— Task directions —
Exact copies of all the lines below are wanted, without a single picture.

— Material provided —
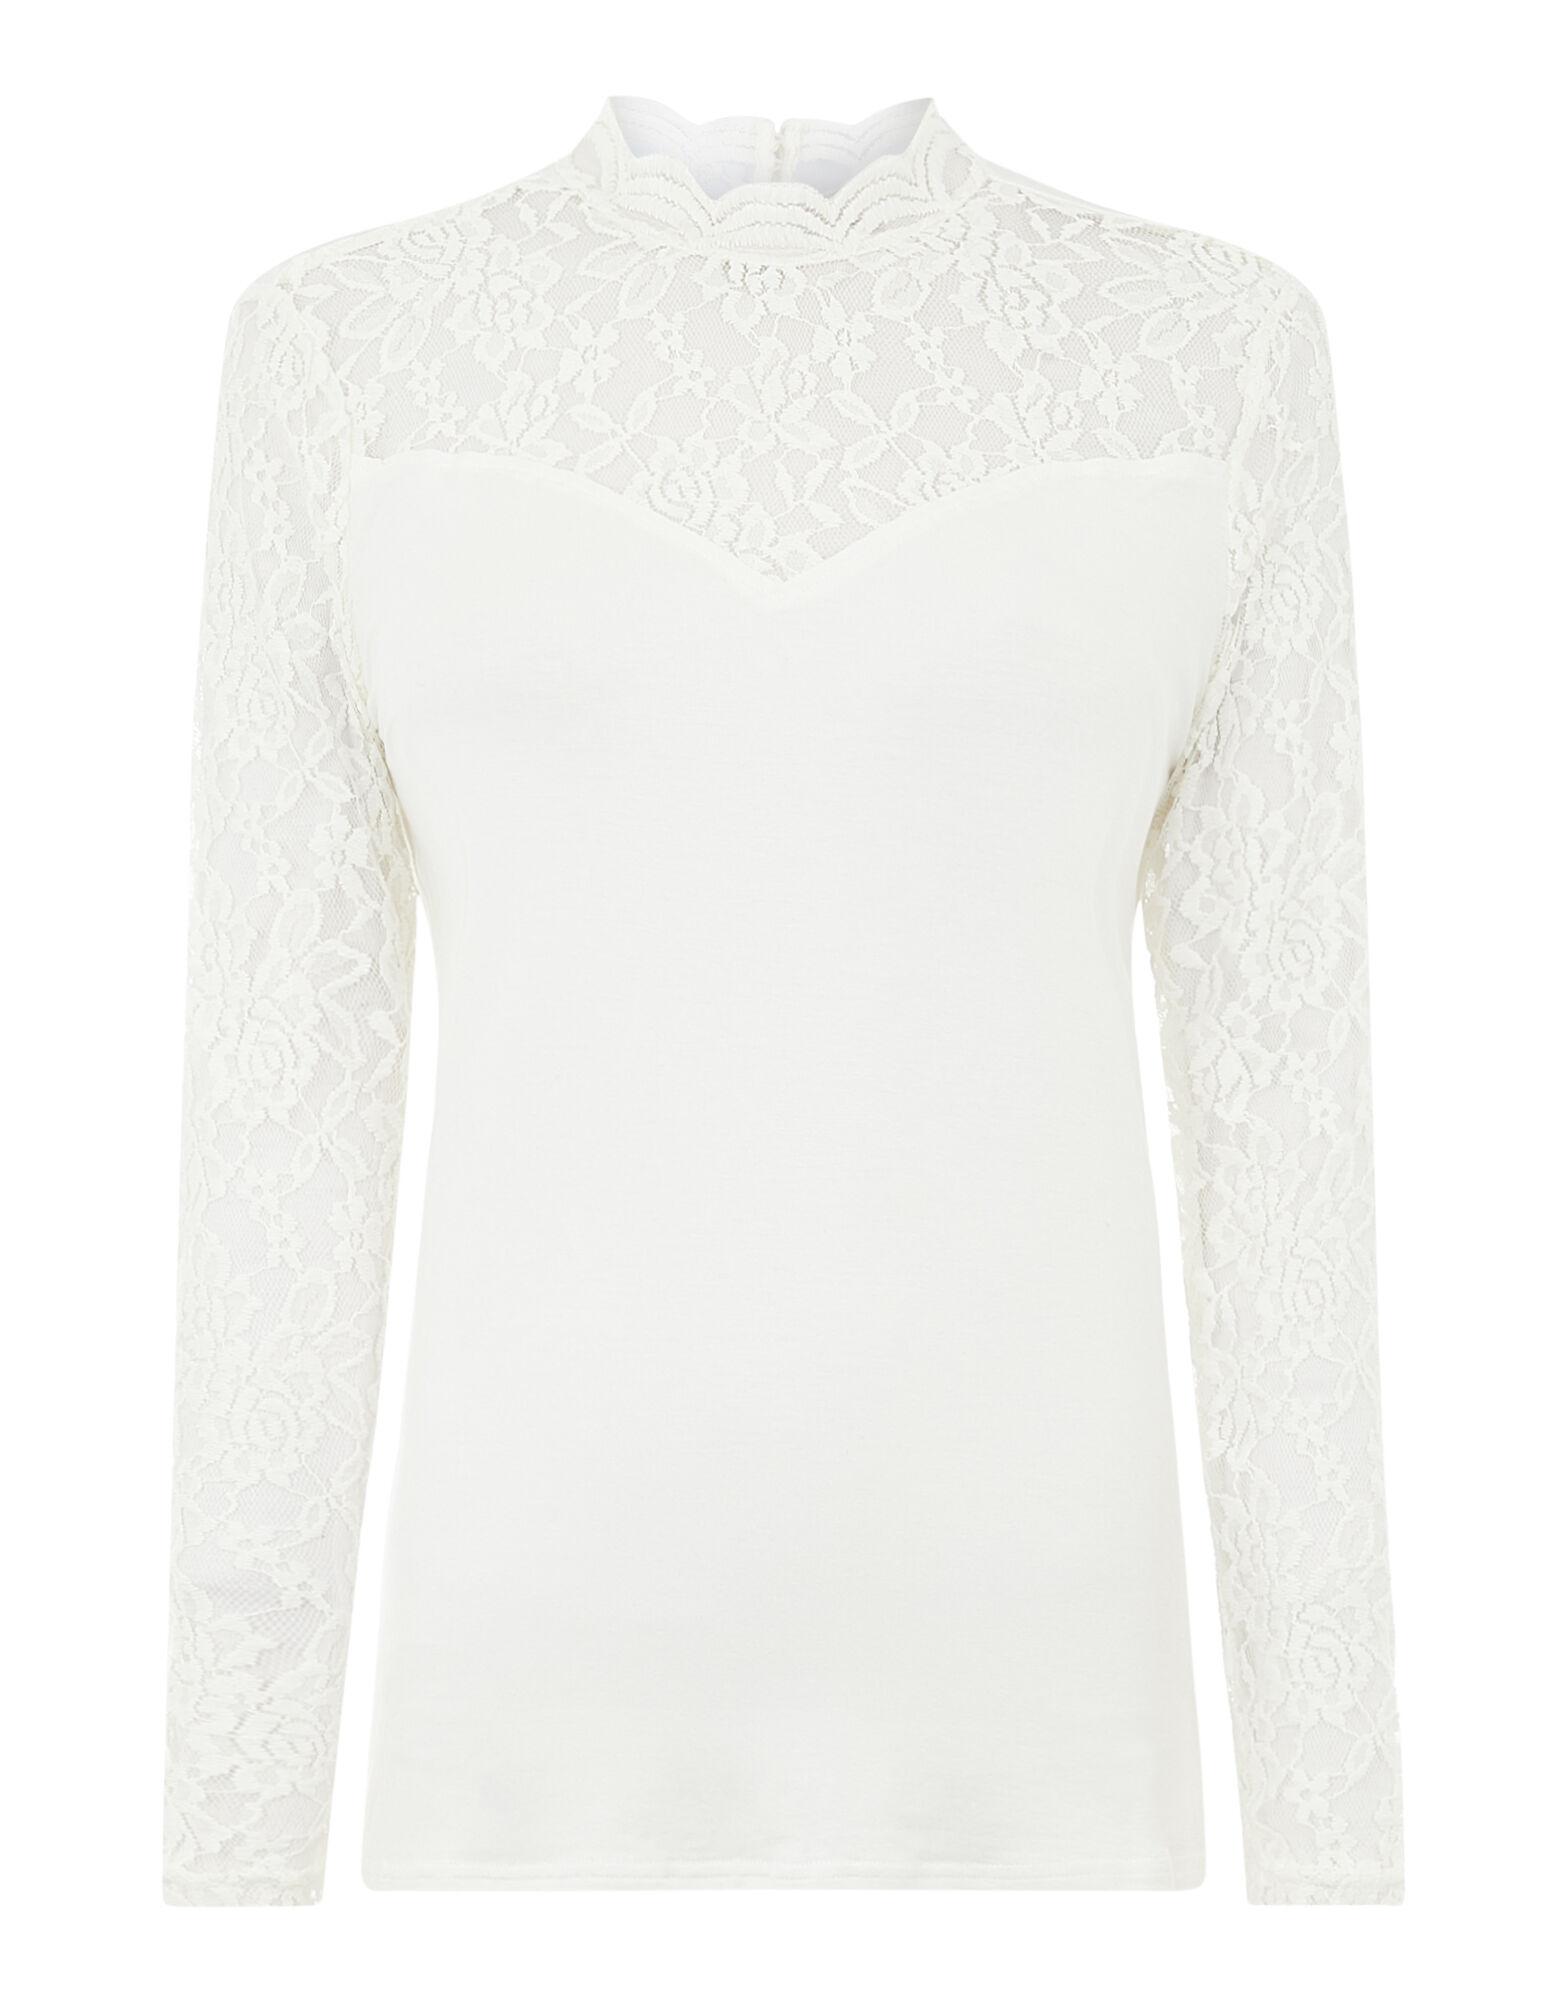 Damen Pullover günstig kaufen✓ Takko Fashion im Angebot
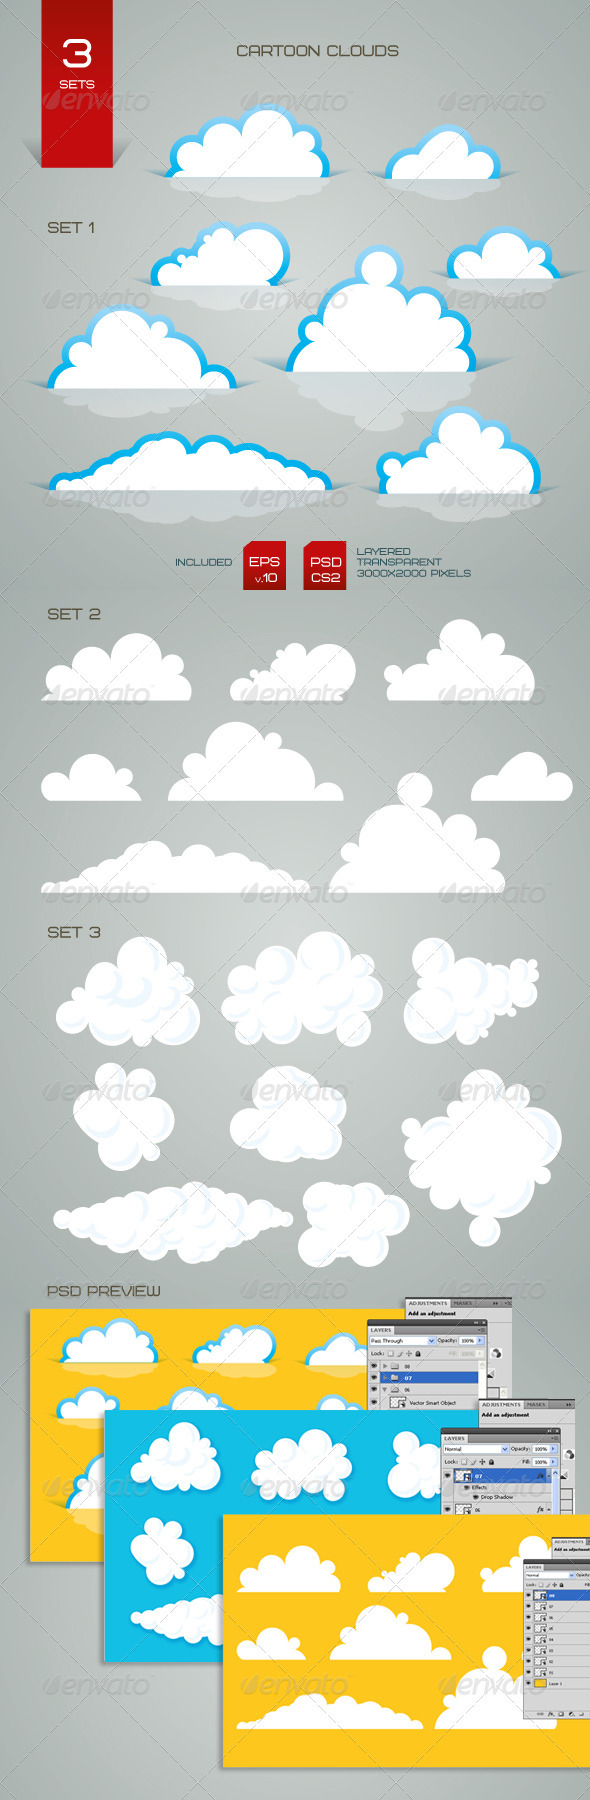 GraphicRiver Cartoon Clouds 1585989
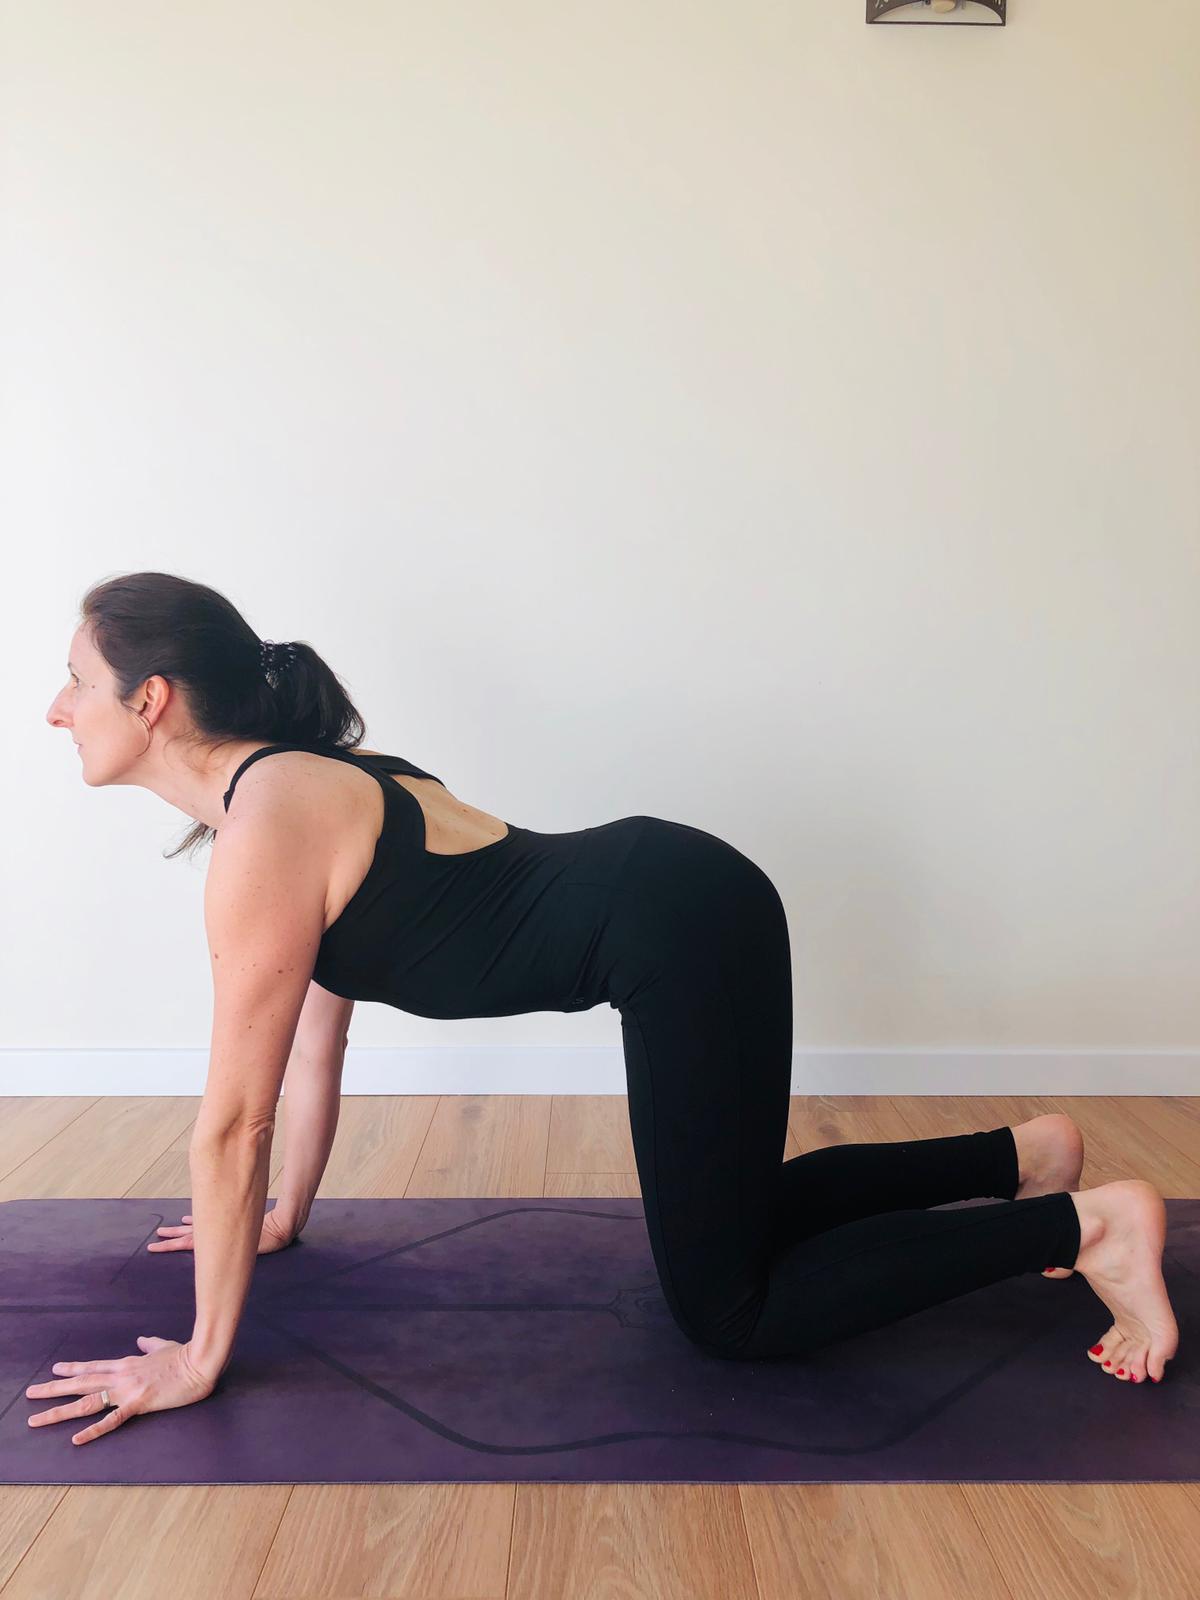 combinaison de yoga noire

— Solved problem —
 Damen Pullover günstig kaufen✓ Takko Fashion im Angebot
 GraphicRiver Cartoon Clouds 1585989
 combinaison de yoga noire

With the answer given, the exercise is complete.